==== Recorded information ====
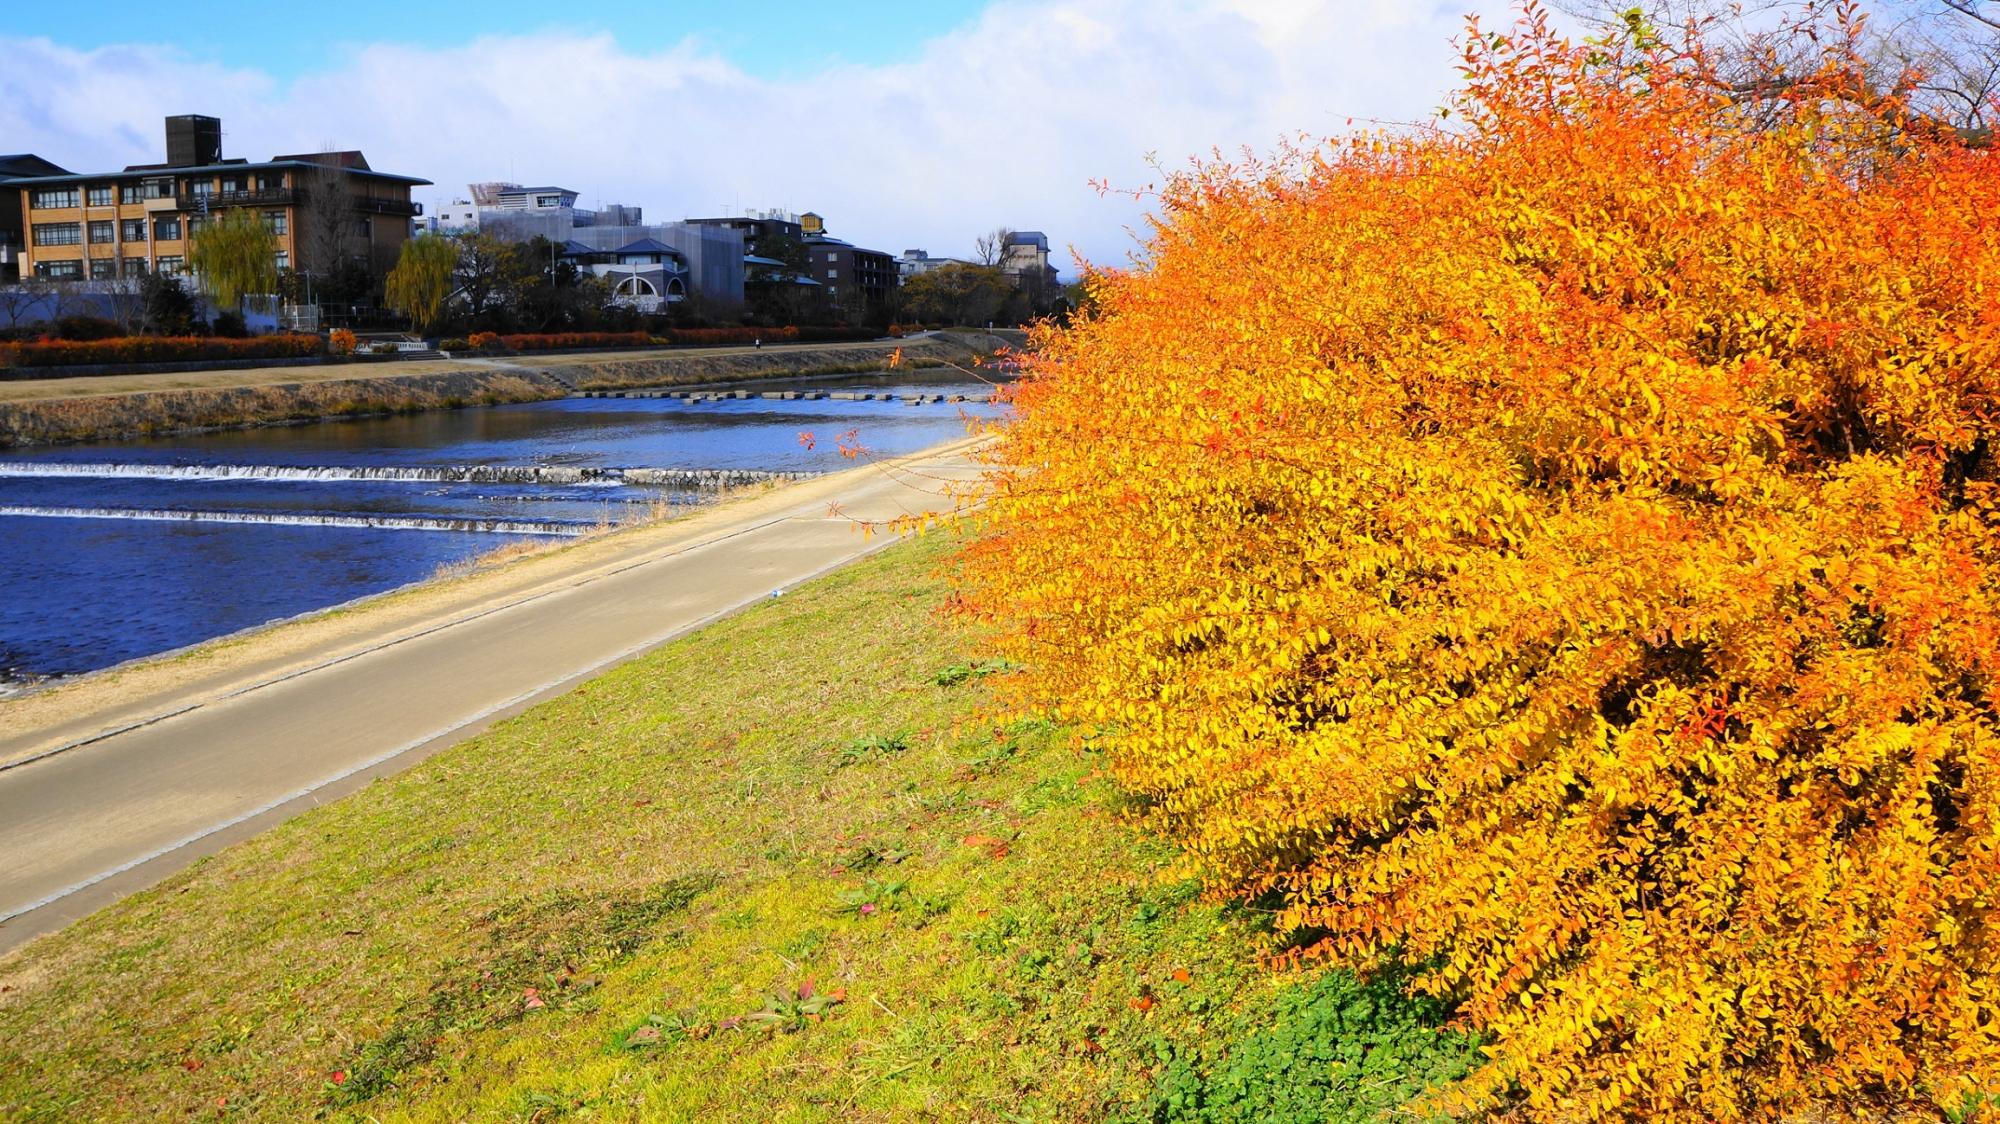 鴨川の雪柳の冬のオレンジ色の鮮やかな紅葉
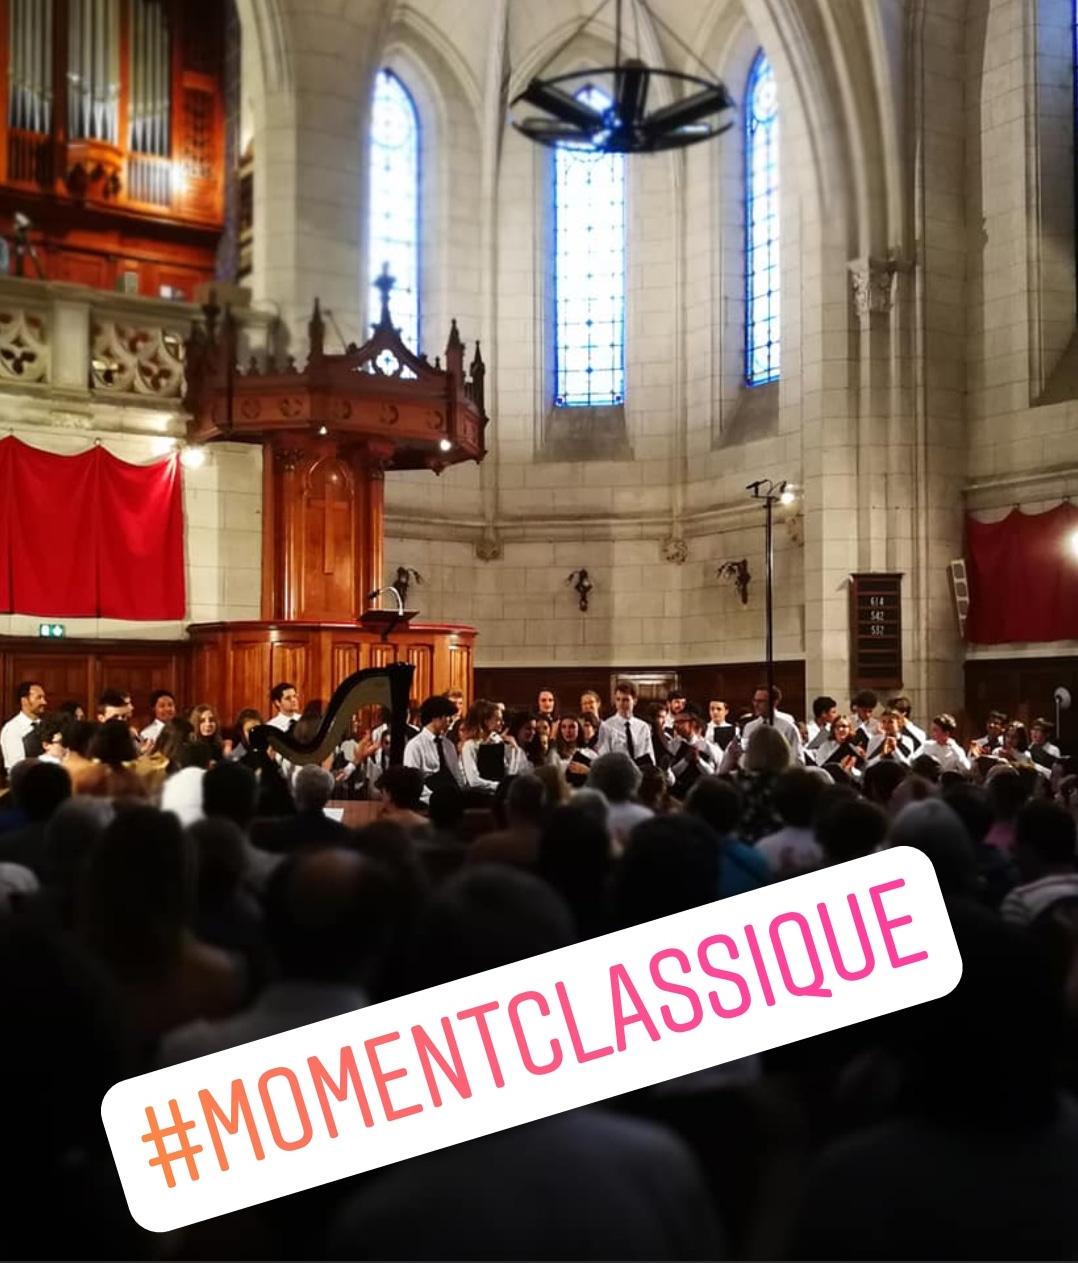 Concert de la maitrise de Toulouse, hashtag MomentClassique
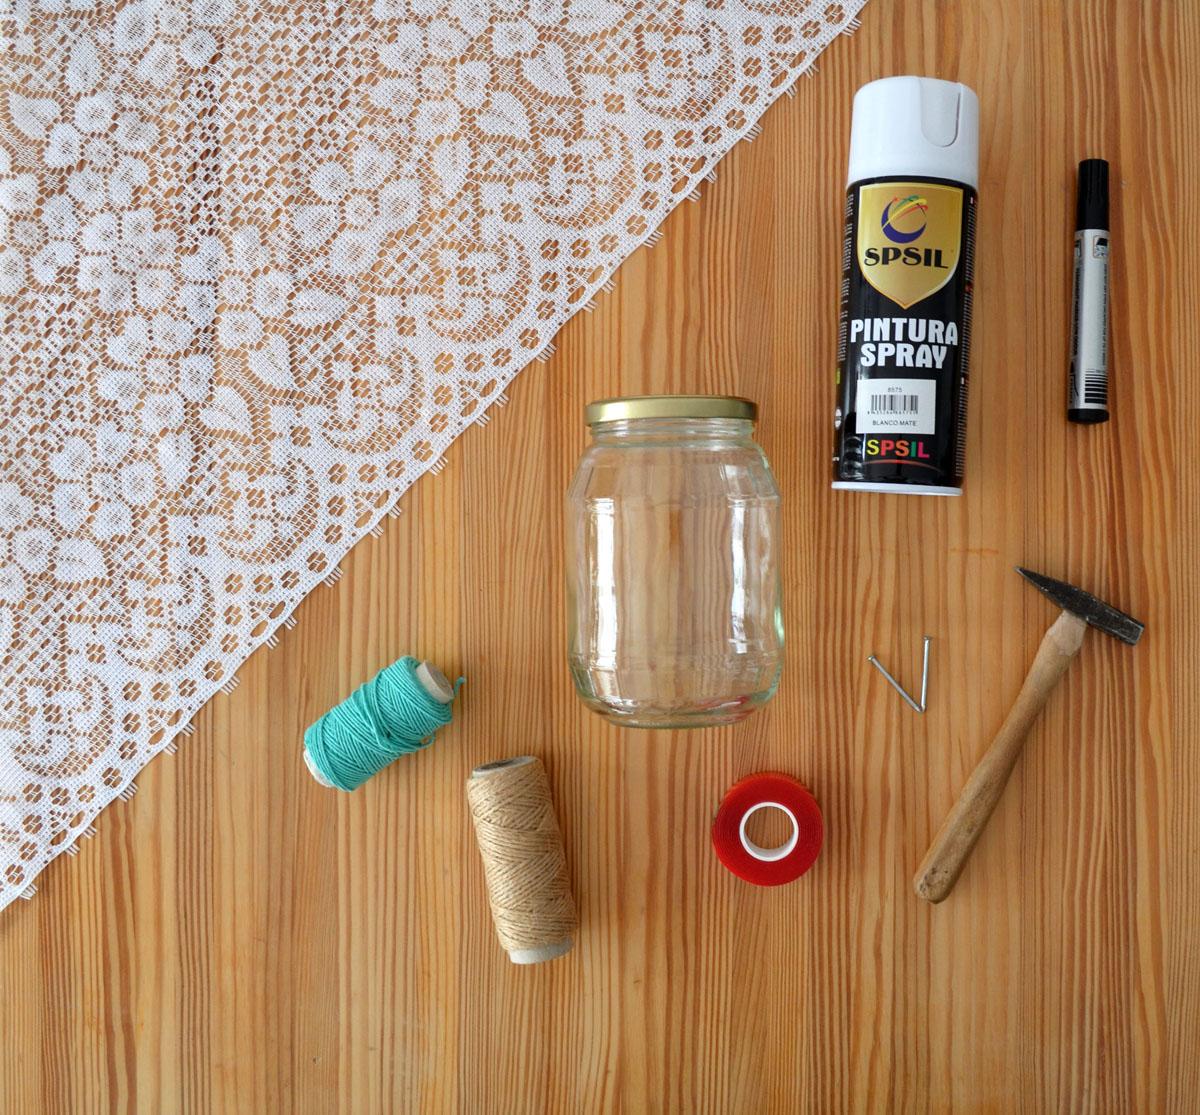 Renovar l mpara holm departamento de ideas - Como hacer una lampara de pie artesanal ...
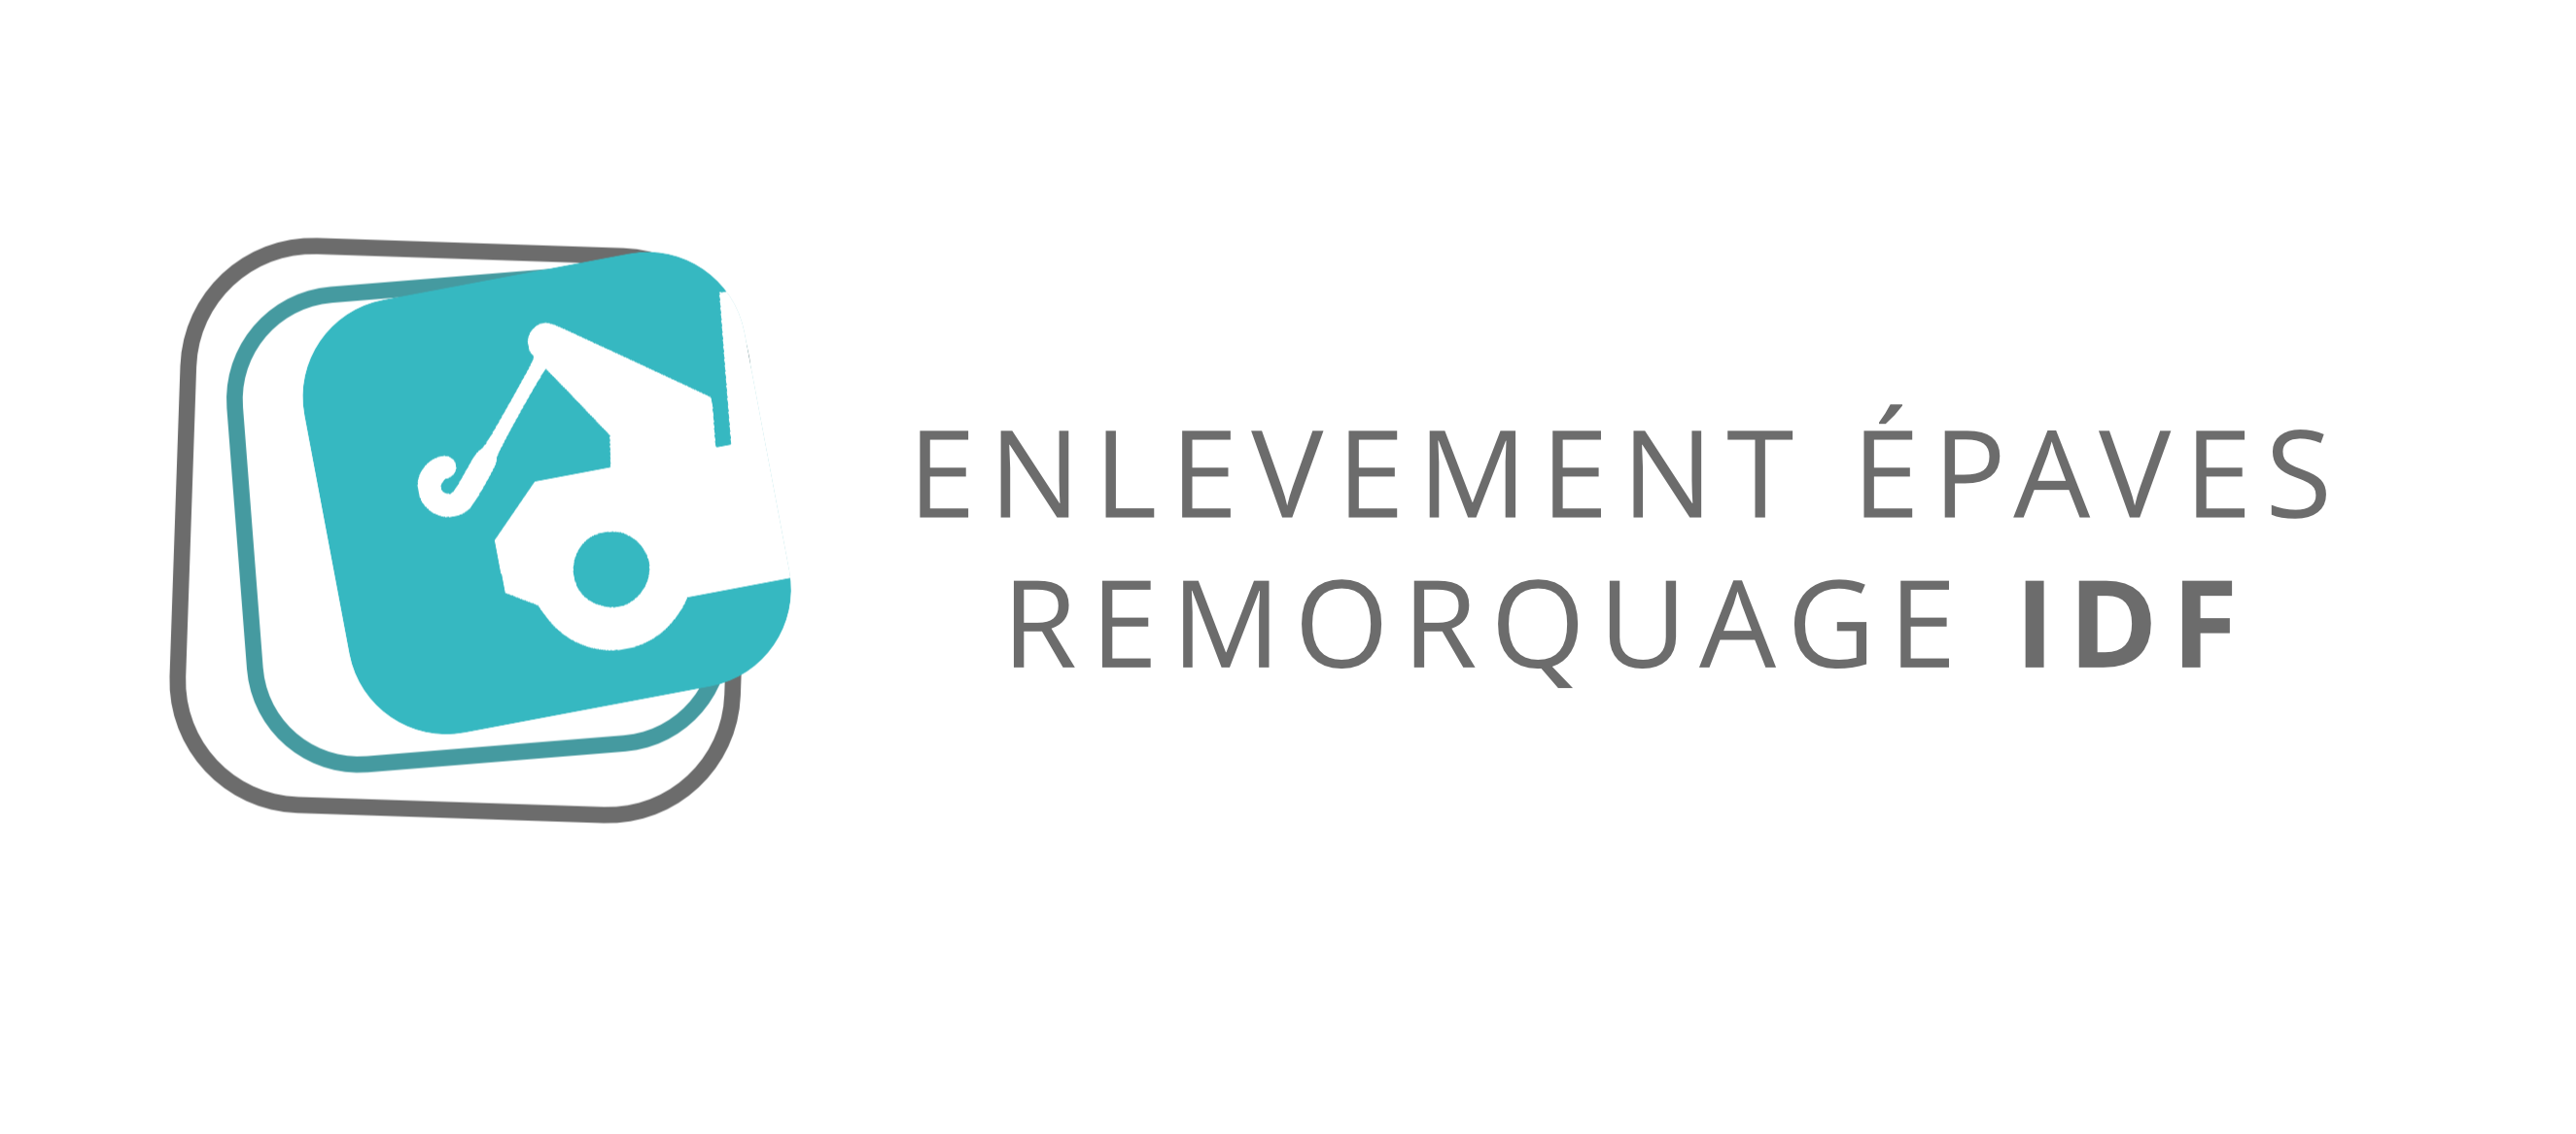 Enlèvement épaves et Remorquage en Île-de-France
====
[Task instructions]
Output the full listing above exactly, excluding all pictures.

[Result for this task]
 鴨川の雪柳の冬のオレンジ色の鮮やかな紅葉
 Concert de la maitrise de Toulouse, hashtag MomentClassique
 Renovar l mpara holm departamento de ideas - Como hacer una lampara de pie artesanal ...
 Enlèvement épaves et Remorquage en Île-de-France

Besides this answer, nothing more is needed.